Deakin University, School of Psychology, 221 Burwood Highway, Burwood 3125, Vic., Australia.

Copyright

(Copyright © 2005, Elsevier Publishing)

DOI

10.1016/j.chiabu.2004.12.013

PMID

16165213

Abstract

OBJECTIVES: To examine the relationship between sexual abuse and academic achievement in an adolescent inpatient psychiatric population. Individual factors expected to influence this relationship were measured to explore the way they each interacted with sexual abuse and its relationship to academic achievement. METHOD: Eighty-one adolescent psychiatric inpatients participated in the study (aged 12--18 years: M=16.0). Participants were administered tests of academic achievement (dependent variable) and intelligence, and completed a number of self-report measures of their experience of different types of maltreatment, their perception of the parenting they received, socio-economic status, substance abuse, and psychopathology.
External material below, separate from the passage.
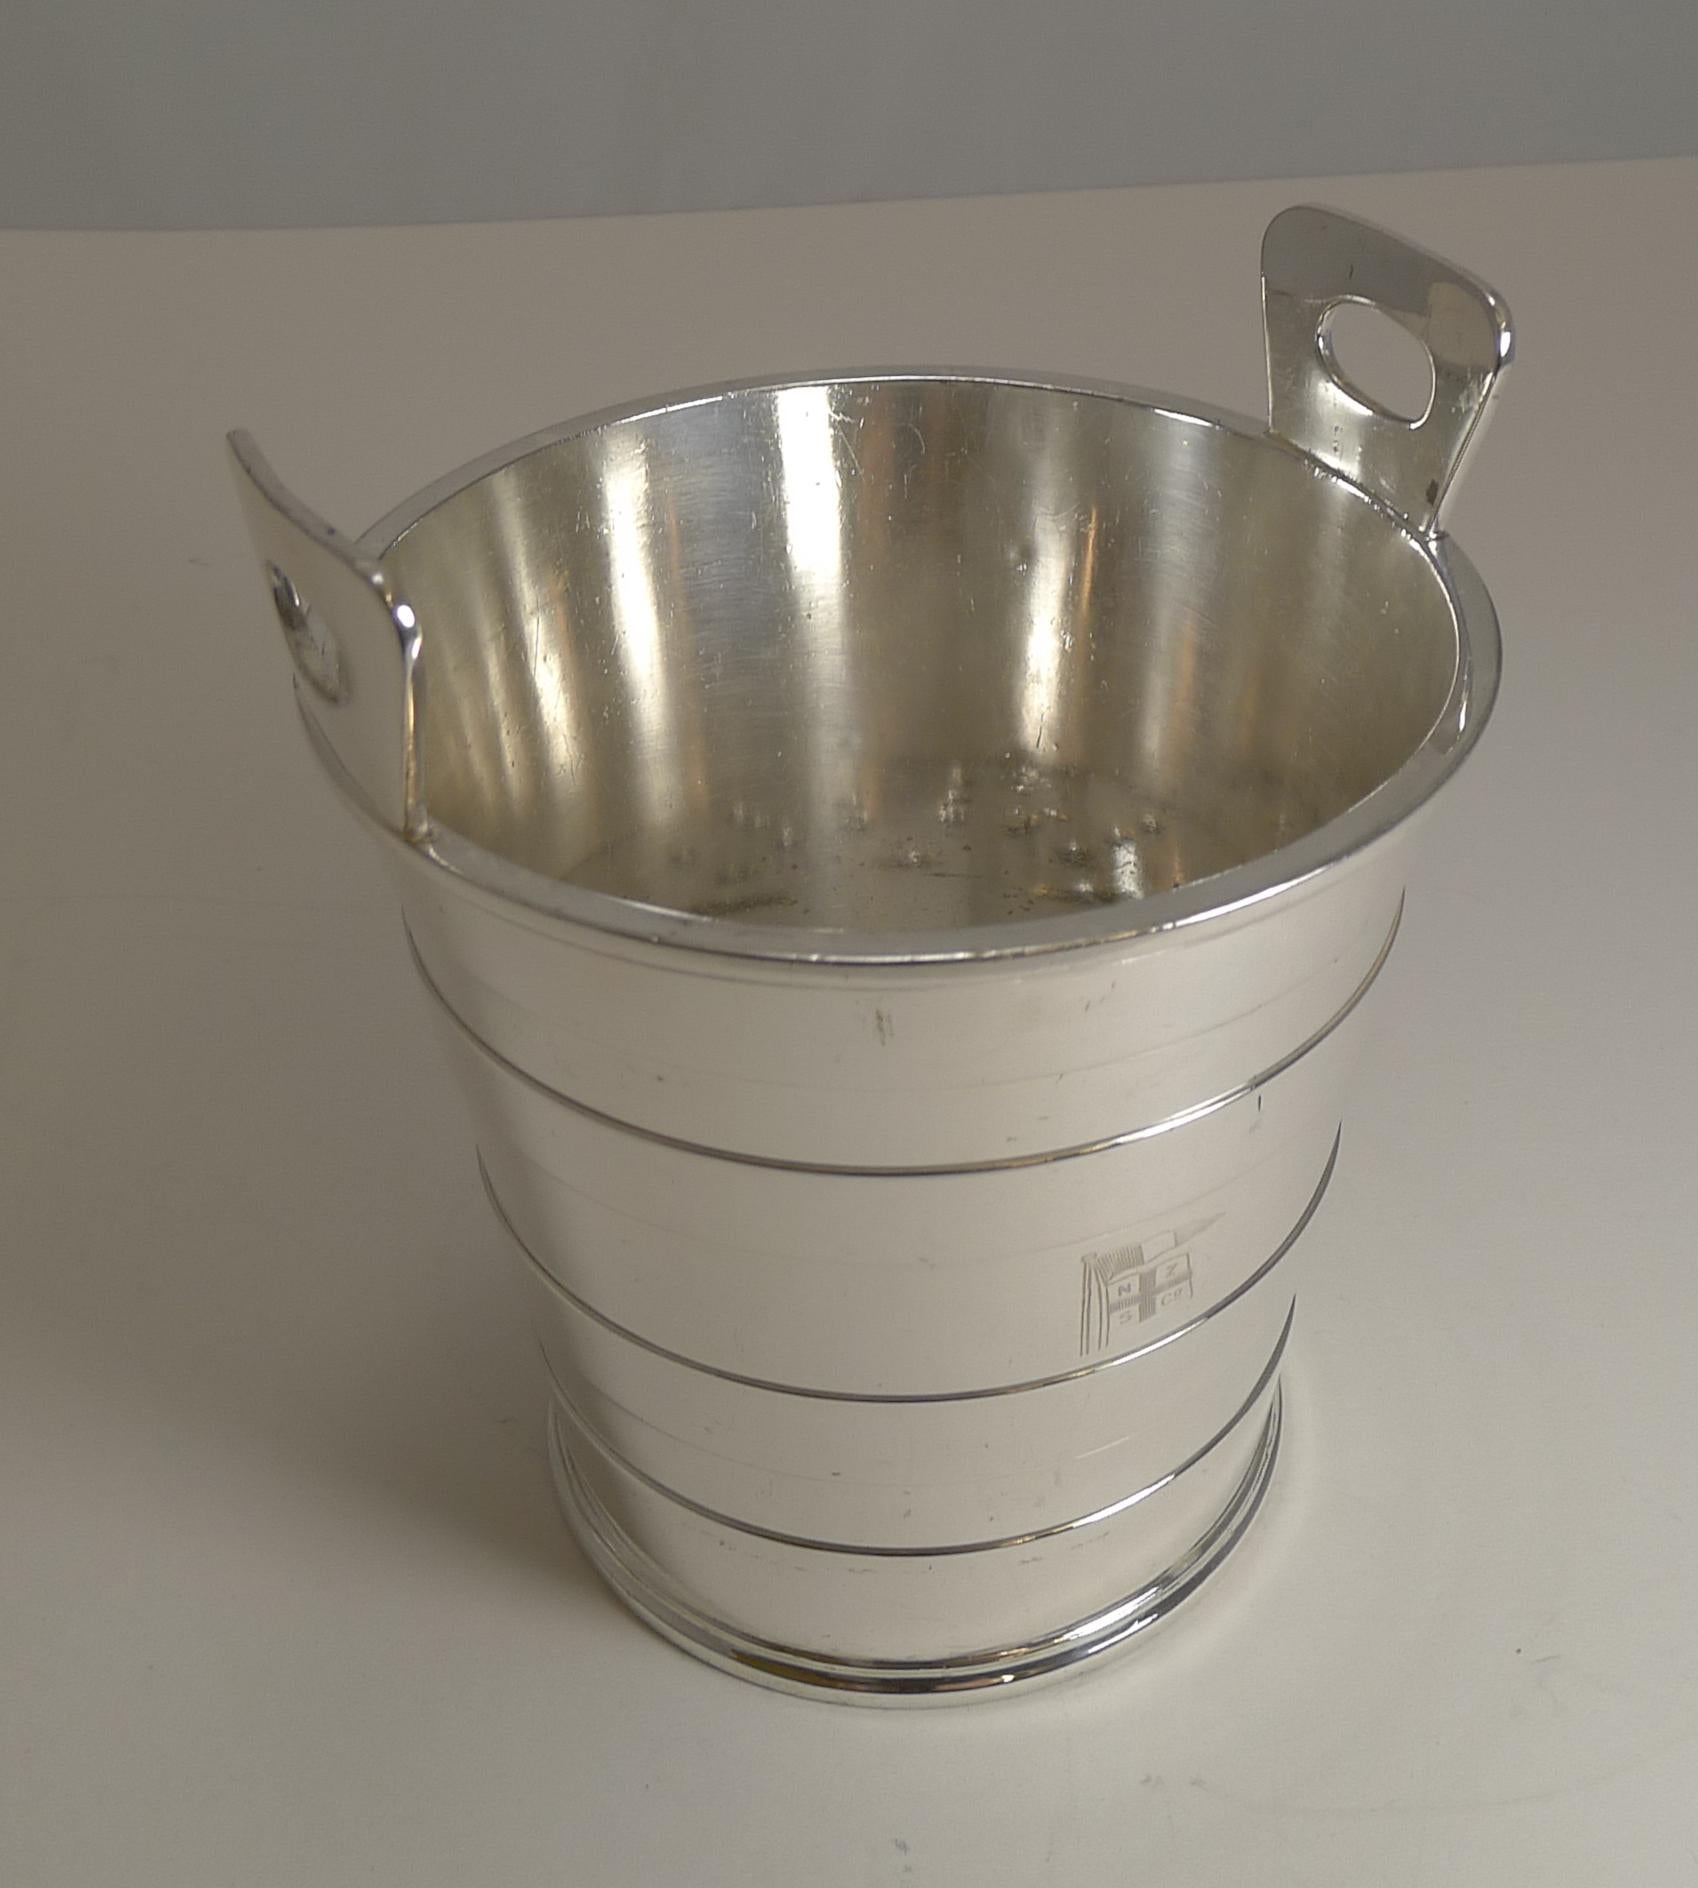 English Silver Plated Ice Bucket by Mappin and Webb, New Zealand Shipping Co.
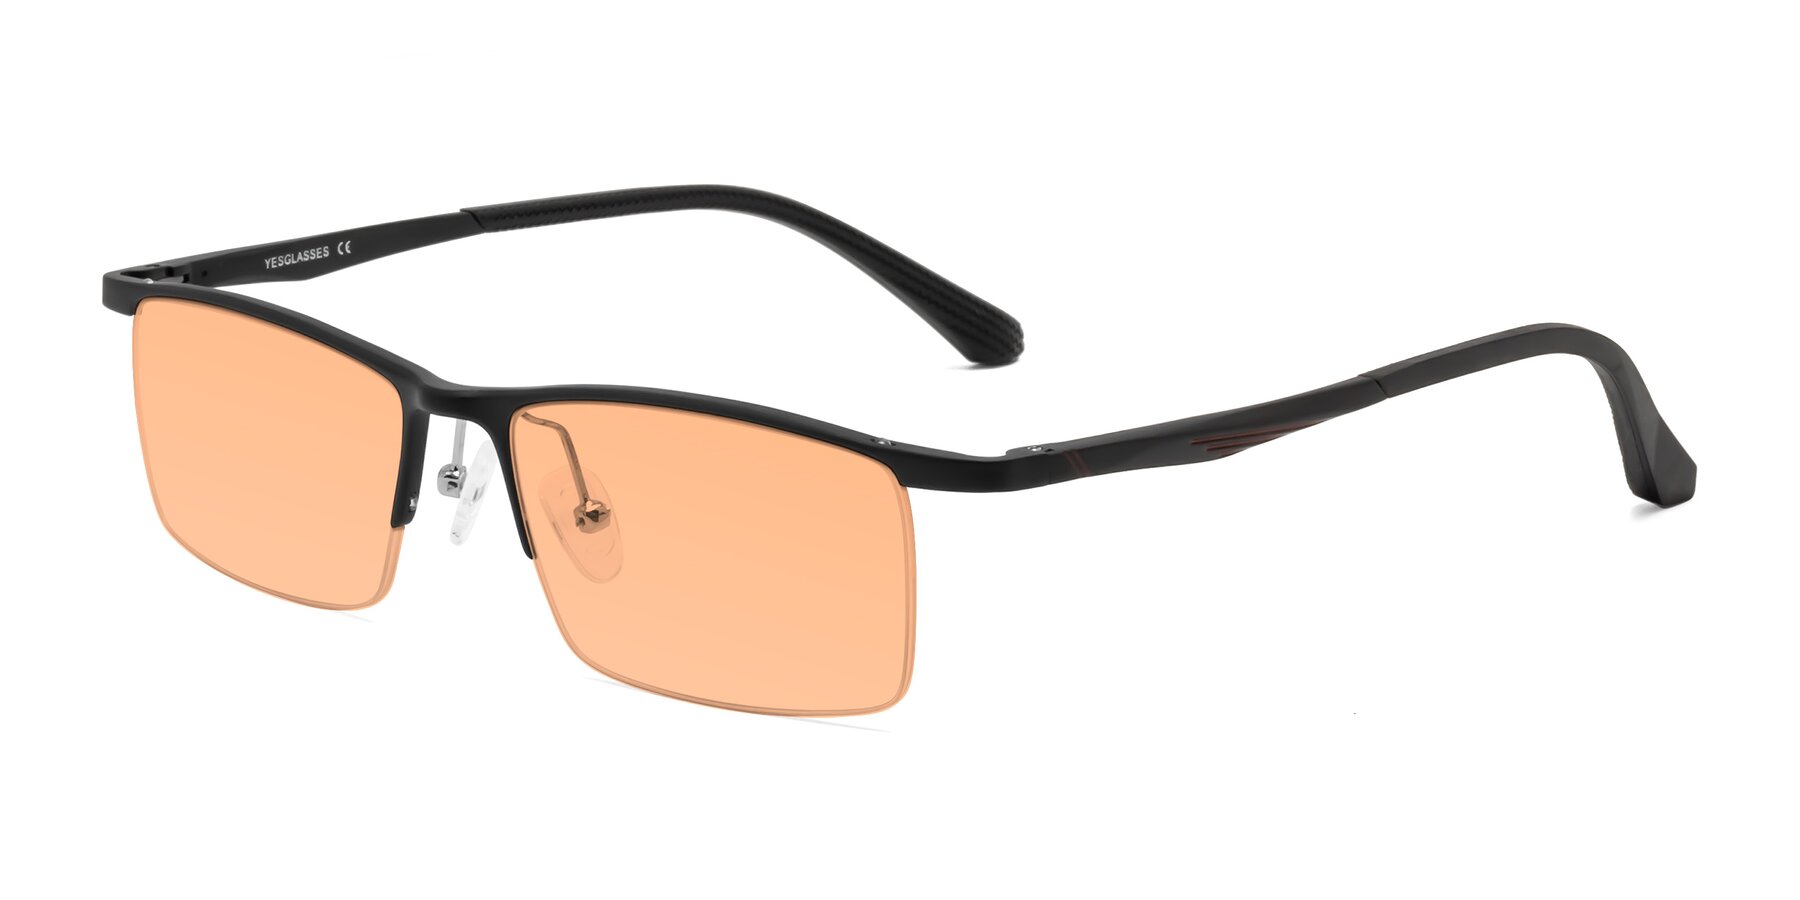 Angle of CX6236 in Black with Light Orange Tinted Lenses

RESULTS: Hierarchical regression analysis revealed that intelligence was the main predictor of academic achievement (uniquely explaining 26% of the variance). A number of interaction effects were also significant indicating that intelligence, substance abuse, internalizing behavior problems, externalizing behavior problems all influenced the relationship between sexual abuse and academic achievement. DISCUSSION: Examining the impact of sexual abuse is complex because it is typically an experience embedded in a range of other risk factors, such as poverty, family dysfunction, and other types of maltreatment. This study demonstrated coexistence between sexual abuse and a number of other variables, including other maltreatment types and parental overprotection, underscoring the requirement for complex models of research that more accurately reflect the experience of abused children.